Флот в затоне собрался еще не весь, много судов, как выяснил потом, в Лесосибирске и Красноярске.
Поднялся к Валентину на корабль. Он рассказал под осетрину и водочку в капитанской каюте, как выводил флот с низовья через «Осиновское горлышко». Руководили выводкой зам по эксплуатации Мунин, начальник службы судоходства и два капитана-наставника. Никакого порядка:
— Лучше один плохой командир, чем два хороших.
Как всегда в последние подтесовские поездки, навещаю поссовет. Мэр — из того самого десанта шестидесятого года, но сам-то родом с Енисея, школу здесь, в поселке, закончил — каждый раз спрашивает меня об одном и том же: а где я работаю? Ему все кажется, что я перешел на работу в пароходство и интересуюсь делами поселка по службе.
...Пятница. Вечер. Маленький праздник. Толпа мужиков в магазине. Николай Драган, бывший мой напарник по мезенинской бригаде, а ныне заместитель директора завода по снабжению, «отоварился» коньяком без очереди. Номенклатура! Перебросились приветствиями.
Впервые парился в нашей баньке, маленькой, чистой, удобной, выходил на улицу, стоял под моросящим дождем. Из двери бани валил пар.

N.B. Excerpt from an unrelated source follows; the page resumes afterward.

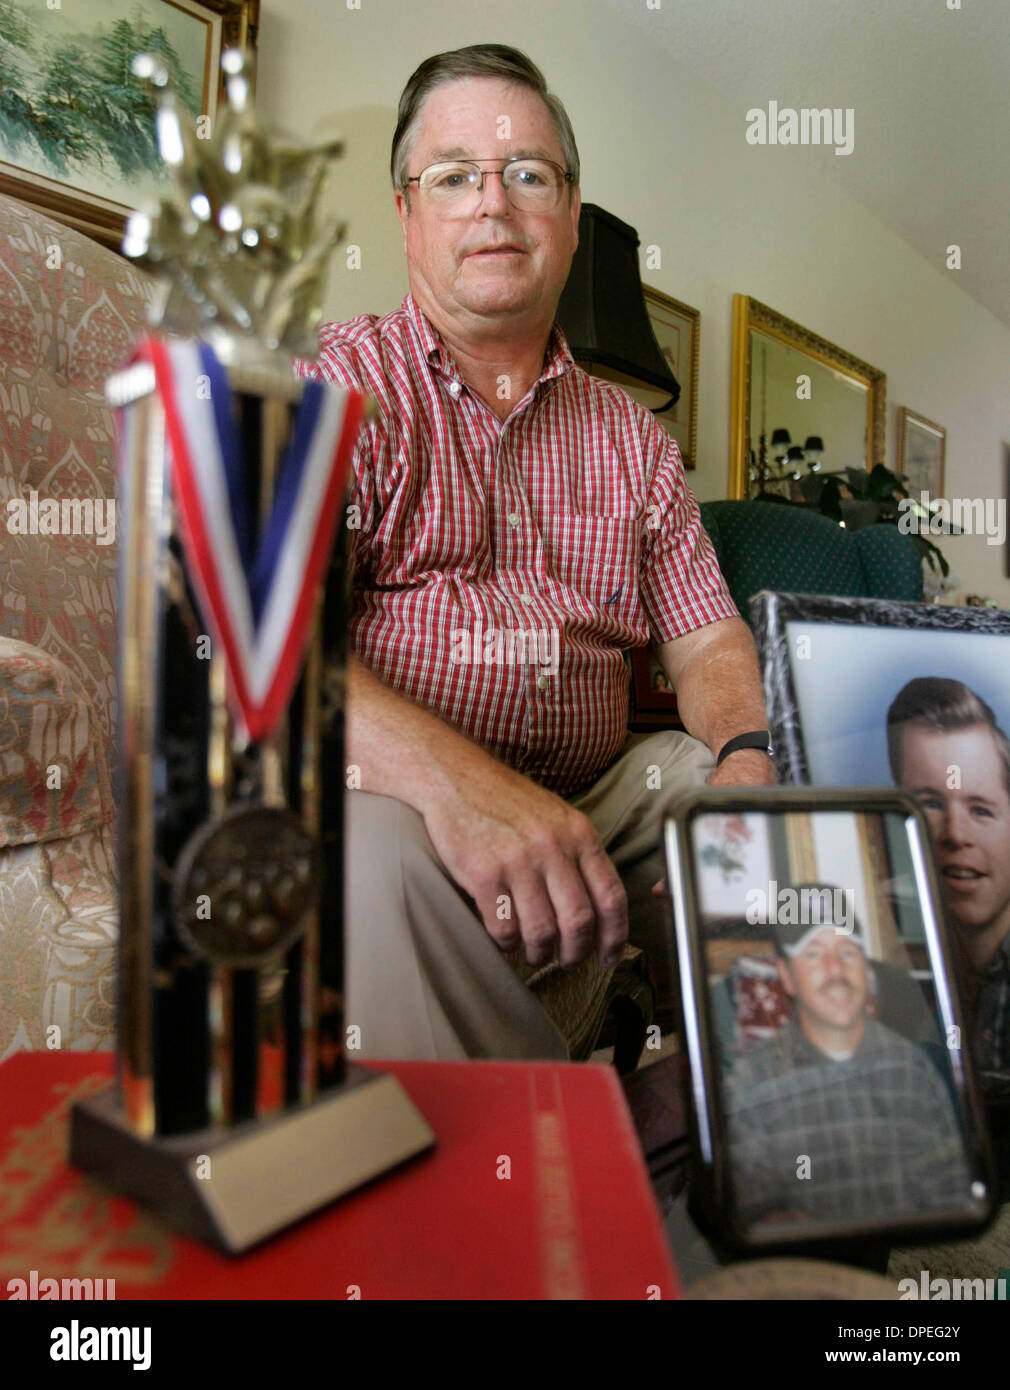 (Published 7/14/2006, NI-6) July 7, 2006, Rancho Penasquitos, California. BOB MEISSNER sat in his livingroom surrounded by photos of his son SCOTT. The trophy is from a special olympics event he won.SCOTT, was pronounced brain dead last year after a choking accident. Meissner, his daughter and his ex-wife (Scott's mother) made the decision to donate Scott's organs to help others wi Stock Photo

В доме протопили печь. «Каждый день топим, — объяснила мать. — Отец мерзнет, если не топим». Ночью жарко, душно.
В субботу выехал из Подтесово. На дороге вода, грязь. А пришел в Барду на «Омик», выглянуло солнце и потеплело. Я снял вязаную шапку, расстегнулся. Стоял у борта, смотрел на плывущий мимо белый, чистый, тонкий ангарский лед.
День быстро тускнел, сворачивался. Рыжие берега. Настоящая тайга редко прорывалась к воде царственно стройными тяжело-зелеными елями. Словно напоминая о чем-то забытом, мелькнул на белом красный буй, прибитый к берегу льдами. И я вспомнил школу, последний класс, последнюю школьную осень, когда мы собрались все какими-то новыми, повзрослевшими. Подтверждением нашего взросления стало то, что нас на целый месяц отправили в колхоз.

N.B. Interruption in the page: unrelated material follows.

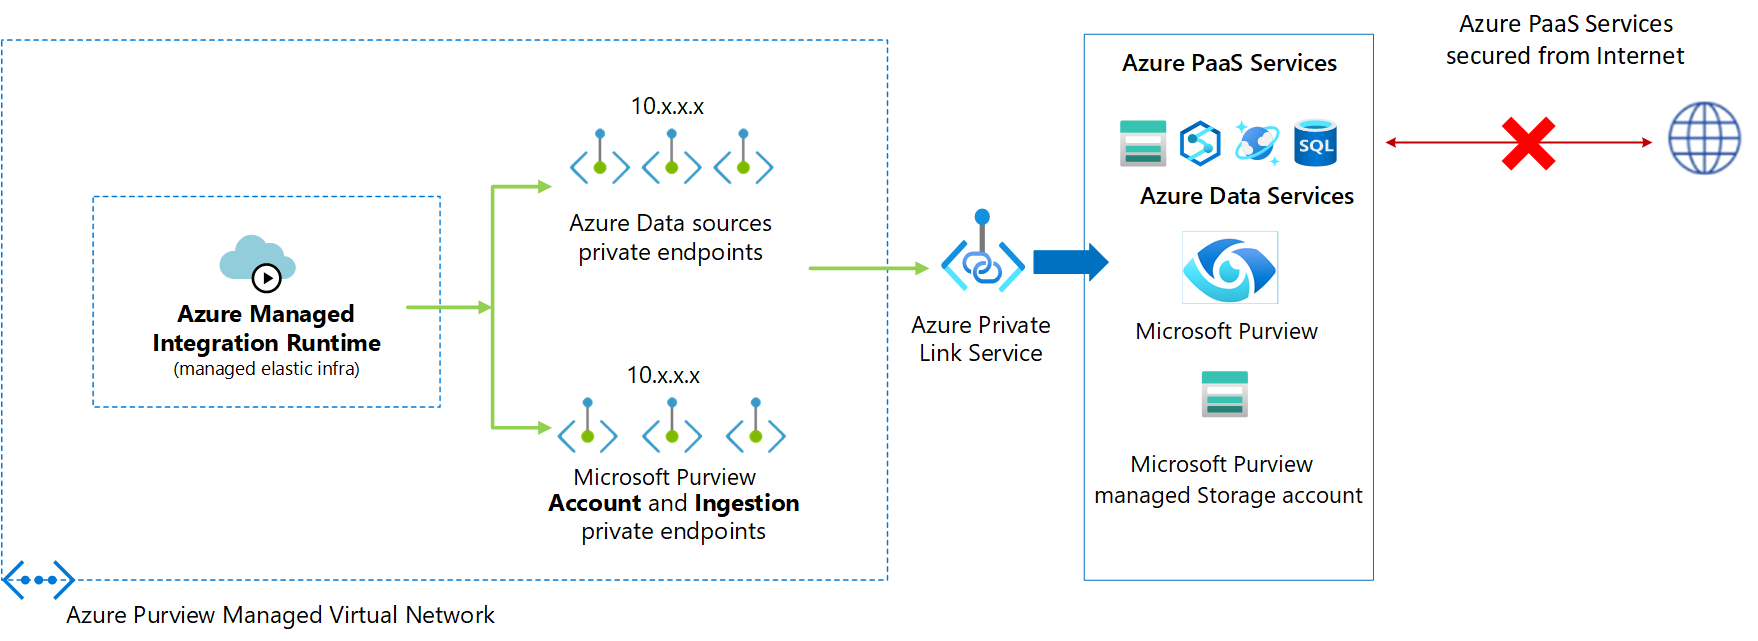 Microsoft Purview Managed Virtual Network architecture

Колхоз отвел нам целый дом. Девчонки заняли отдельную комнату, а в нашей, проходной, были и кухня, и мужская спальня, и общая зала. Мы копали картошку, и руководивший нами учитель физики установил норму — столько-то ведер. Выполнил норму — можешь гулять.

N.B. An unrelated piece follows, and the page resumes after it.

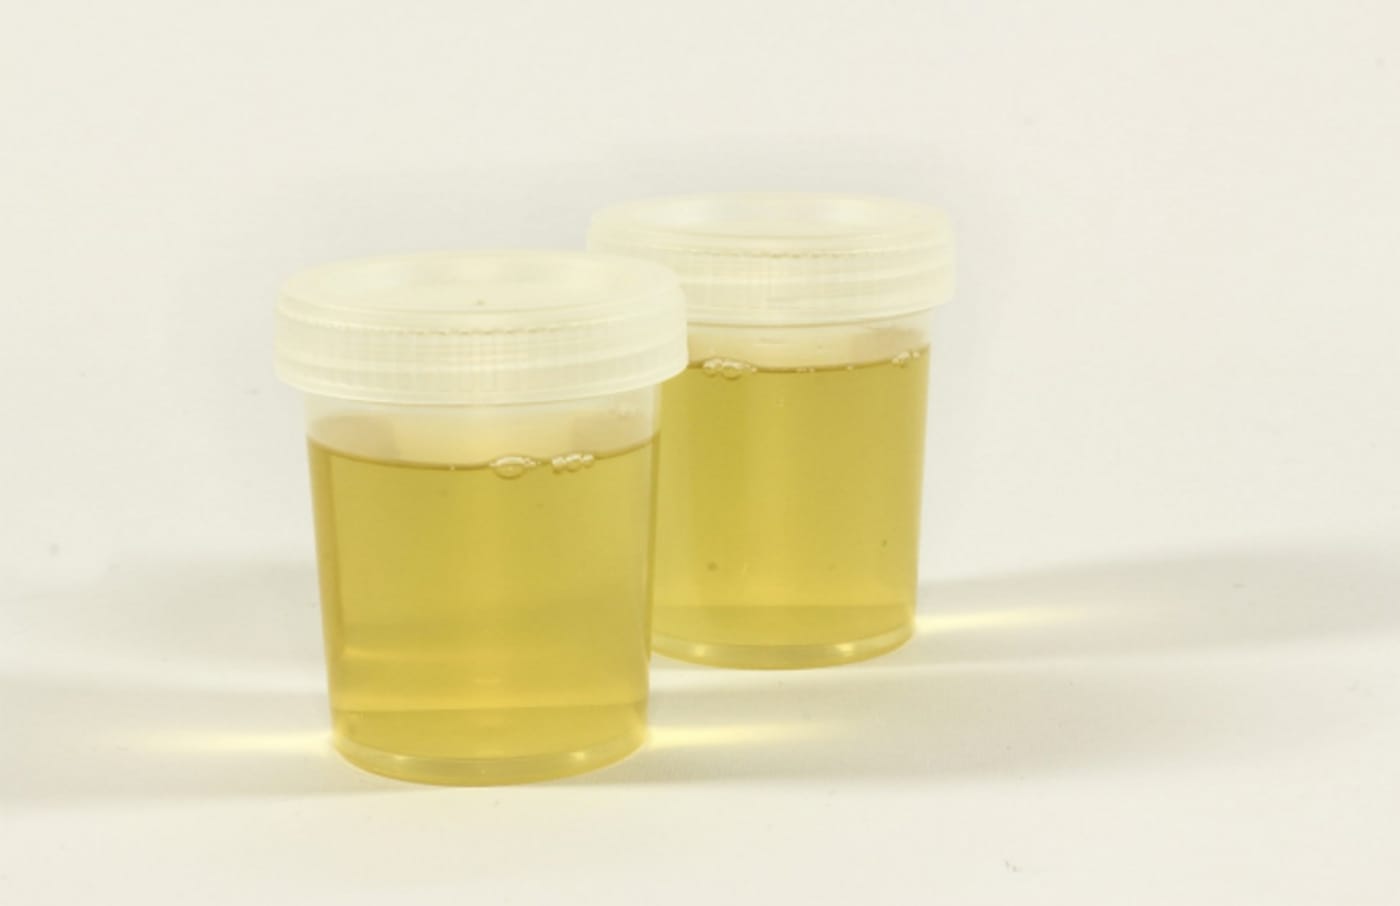 This is urine.

У нас в пятом-шестом классах сложилась своя компания, «эта четверка», как говорили про нас в классе. Коля Шедогуб был единственным из второгодников, попавших к нам, кто задержался, не покатился дальше. Он был простой, открытый парень, из большой семьи. Их дом-пятистенок стоял на окраине, у самого леса. Мы с Колей быстро подружились и проводили вместе все воскресенья, ходили на самодельных лыжах в лес, разжигали костер и кипятили чай в кружке. Нравилось мне бывать и в его большом доме, где у Коли был свой уголок. С Серегой Колю долго не брал мир, они даже подрались на снежной горке. Серега повалил Колю, но тот в долгу не остался: оторвал козырек от Серегиной шапки. Серега растерянно смотрел на козырек в Колиных руках и чуть не плакал. Бесстрашный Серега как огня боялся матери. Но постепенно они подружились, Серега с Колей, а потом к нам прибился Вовка Шведчиков, которого мы звали Шведом, поскольку Вовок у нас было хоть пруд пруди. Швед был самый младший и самый благополучный (относительно, конечно, потому что жил с неродной матерью). Почему он в нашем классе оказался, а не в параллельном — непонятно.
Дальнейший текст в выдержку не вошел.